Attempt at changing the order of the day

The main economic lever of the U.S. is manipulating the dollar. The large mass of dollars in circulation allows the U.S. to regulate the prices of goods made in other countries and create a crisis whenever it is convenient without suffering from it. To protect themselves from such voluntarism on the part of the U.S., many countries do not discard the idea of strengthening their currencies. For example, OPEC countries are considering converting oil quotations from U.S. dollars into dinars.

Russia can use the ruble in its relations with partners and buyers of energy resources, while China and the European Union, as rumor has it, even discussed the introduction of a joint currency called “eurani” to replace the dollar.
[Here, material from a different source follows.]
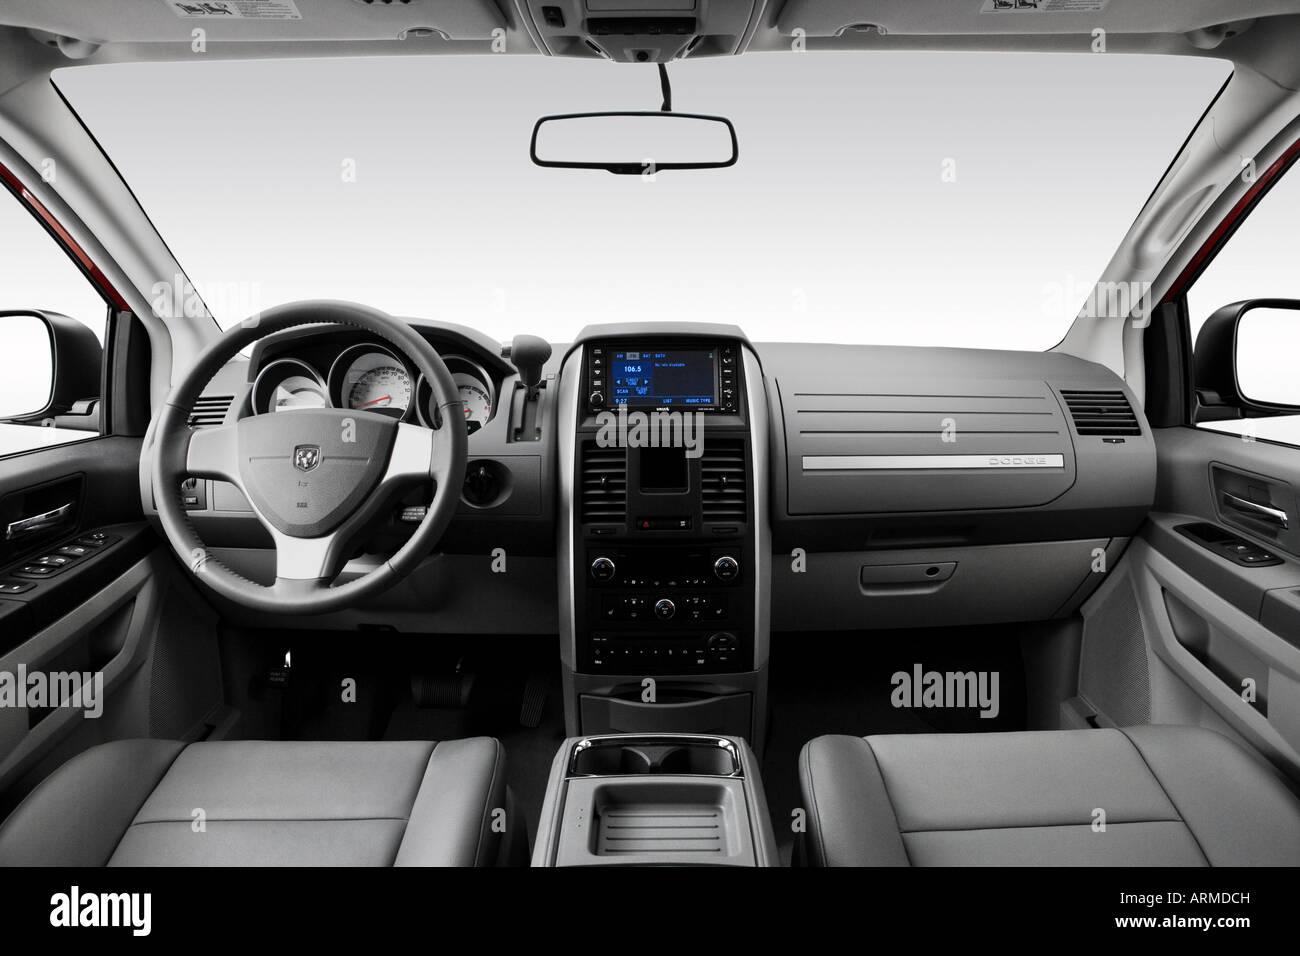 2008 dodge grand caravan sxt in red dashboard center console gear shifter view

“The introduction of a regional currency would allow Persian Gulf countries, Russia and China to mitigate the influence of the U.S. and afford them the opportunity to independently dictate the prices of raw materials and energy resources,” academician Viktor Naidyonov stressed.

Needless to say, such a state of affairs is totally unacceptable to the U.S. When exporting countries tried to sell their goods for their own currencies, the destruction of competitive currencies became the most important task for the U.S.

To understand how this was done, NBU Deputy Governor Oleksandr Savchenko suggested looking back to September 2008 when Lehmann Brothers, one of the largest investment banks in the U.S., filed for bankruptcy. This particular bank was the most important player on the loan default swaps market (CDS/CDX), otherwise known as insurance in cases of a borrower’s bankruptcy.

After the Lehmann Brothers declared bankruptcy, the investors lost insurance on all debt liabilities of borrowers in developing countries. That became the beginning of the global withdrawal of capital from those markets and a rise in the demand for the dollar.

“Now, when we can look back to the start of the crisis, there is a sense that it was provoked by the U.S. in order to destroy the zones of influence of regional currencies that threatened the dominance of the dollar in global trade,” Savchenko noted.

The strengthening ruble and Euro rendered the purchase of dollars unprofitable for investors. “After the value of regional currencies versus the dollar crashed, the priorities of investors changed and they once again gave preference to the U.S. currency, given that the value of assets in dollars is dropping, while assets in regional currencies are growing in value,” says Serhiy Yaremenko, an advisor to the Minister of Economy. He says that in such conditions introducing new regional currencies such as the Euro is nonsense. “The U.S. dollar continues to dominate,” the expert assures.

The U.S. could do away with the dollar only in the event that its economy completely crashes in the throes of the current global financial crisis. In order to not repay its enormous foreign debt of US $13 trillion to other countries, the U.S. could simply introduce a new currency, for example, the Amero.

However, the probability of this happening is quite low, as there are too many countries in the world that have nuclear weapons and would not want to lose the money they invested in the U.S. economy.

For example, an advisor of the Central Bank of China Yu Yongding already demanded guarantees that the U.S. treasury bonds that China bought in the amount of US $682 bn be redeemed.

However, even if the U.S. refuses to repay its debt, nothing will keep the countries cheated by the U.S. from not recognizing the Amero as the new currency for international trade and using dollars instead.

“This will be the cheapest way out of the situation and a chance to finally create a common independent currency like the predecessor of the Euro – the ECU (European Currency Union, a non-cash currency used in the European currency system from 1979 to 1998). Seeing as the dollar denominations of 1, 2, 5, 10, 20 and 100 bills account for less than 1% of the non-cash dollar circulation, losses to the world economy from exchanging this amount of money into a new currency will be minimal,” says Yaremenko, adding, “The U.S. clearly understands such risks, which is why nobody will give up paying in dollars.”